Что это за могущественные друзья, и служат ли они в той самой очистной компании, Вилле спросить не успел, потому что увидел решётку. Круглую, ржавую, наполовину утопленную в воде, с действительно болтающимся на ней навесным замком. Вилле предупредил Сенджи, но и она уже заметила – подняла весло, чтобы ленивое течение канала развернуло лодку носом точно к решётке. За прутьями колебалась вода, кажущаяся маслянисто-чёрной, и фонарь-свеча отбросил на нее полукруг бледного света. Округлый каменный свод уводил вглубь, куда свет не доставал. От решётки едко воняло мокрым железом и слизью. Вилле поморщился.

Высоты свода на первый взгляд хватало, чтобы под ним прошла узкая лодка и сидящие в ней пассажиры, но очень уж не хотелось дотрагиваться до самой решётки, а это, судя по словам Сенджи о помощи, делать всё же предполагалось. Вилле обернулся на спутницу и увидел, как она роется в карманах под плащом. Он увидел, впервые присмотревшись внимательно, и то, во что она одета: легкие коричневые бриджи и такая же рубашка без рукавов со странным рядом пуговиц – наискосок. Рубашек, так застегивающихся, Вилле никогда не носил и до сегодняшнего дня не знал. На ногах у Сенджи были ботинки, сшитые из запылённой чёрной кожи. Нож висел в ножнах на поясе. Сенджи наконец нашла ключ и осмотрелась – не заметил ли кто, что они задумали. Но пароход и яхты остались с другой стороны от моста, а сам мост тоже исчез из вида. Зелёная гладь была пустой и позолочённой солнцем. Правда, кто-нибудь мог наблюдать из окошек домов, тех, что на противоположном берегу, но ширина канала играла на руку: с такого расстояния, да ещё в мареве жаркого дня, двое в лодке вполне закономерно показались бы любому человеку обычными рабочими-чистильщиками, проверяющими очередной сток. Сенджи протянула ключ Вилле:

– Открывай, пока нас не отнесло от решётки.

Он крепко сжал в пальцах холодное тельце ключа, боясь уронить его в воду, сглотнул ставшую горькой слюну и потянулся к замку. Замок тоже был ржавым, он неприятно-шершаво тёрся о пальцы и красил их в цвет умершего железа.
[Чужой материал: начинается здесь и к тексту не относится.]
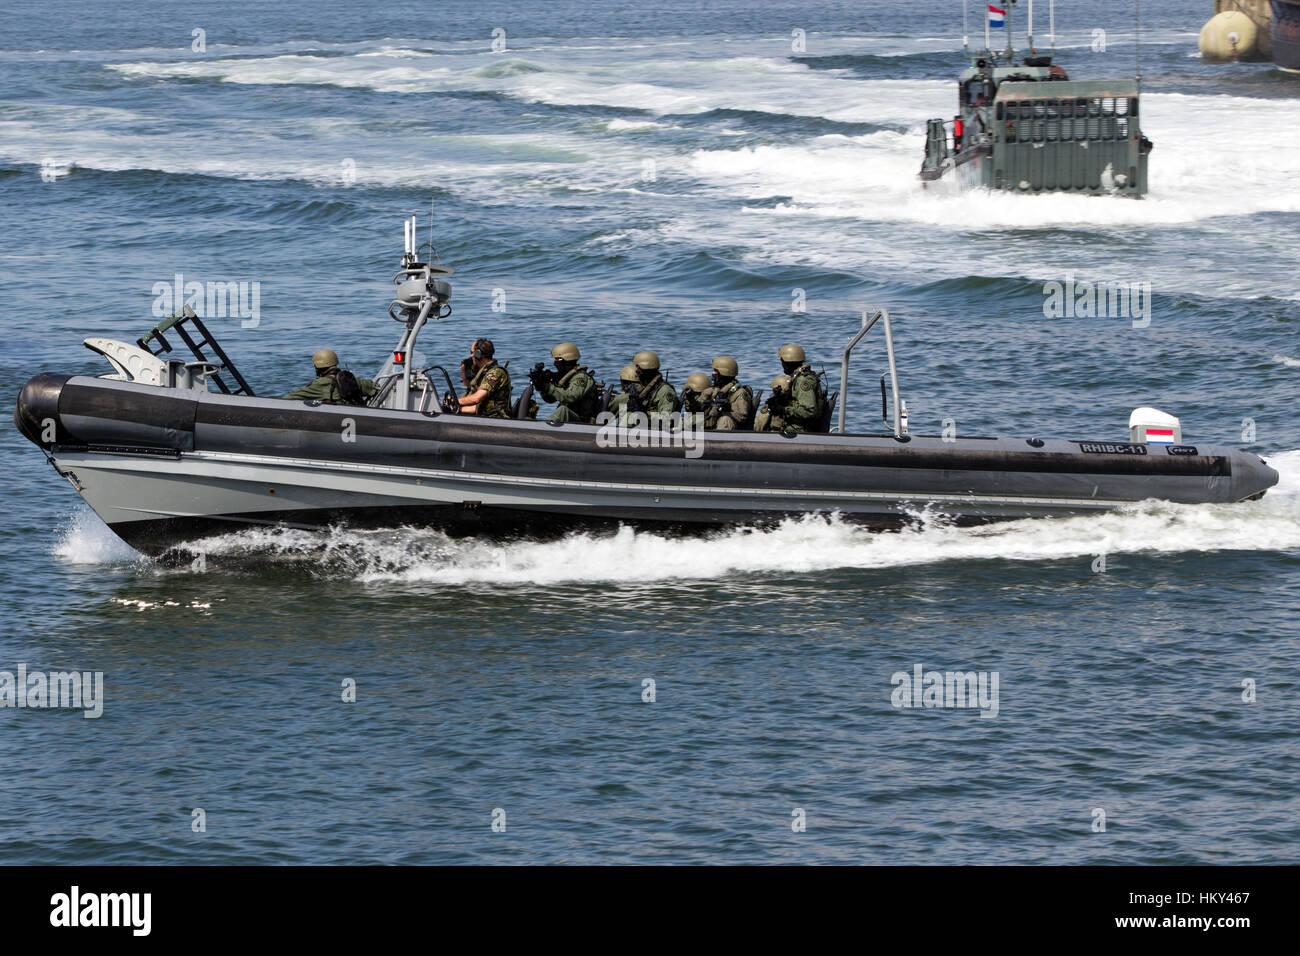 Den Helder The Netherlands July 7 Dutch Swat Team In A Speedboat Stock Photo Alamy

Ключ провернулся со скрипом, и Вилле, вынув замок из прутьев и металлического ушка, прибитого штырем к грязному мрамору, положил вместе с ключом себе на колени. Тыльной стороной правой ладони он вытер капли пота со лба. Сенджи нетерпеливо завозилась.

– Ну, открывай!

Пересилив отвращение, Вилле качнул решётку, которая, трудно и упруго взбаламутив воду, отворилась внутрь. Он еле успел убрать руку, как Сенджи направила лодку в жерло стока. Сделала три медленных гребка, загоняя лодку внутрь, затем ещё один и постучала Вилле по плечу.

– Теперь нужно закрыть. Дай мне.

Он с облегчением передал ей ключ и замок, а она вернула решётку на прежнее место и, безо всякого колебания просунув тонкие пальцы сквозь пачкающиеся и мокрые прутья, приладила замок обратно. Вытерла руки о плащ и протянула его краешек Вилле, делясь, как полотенцем.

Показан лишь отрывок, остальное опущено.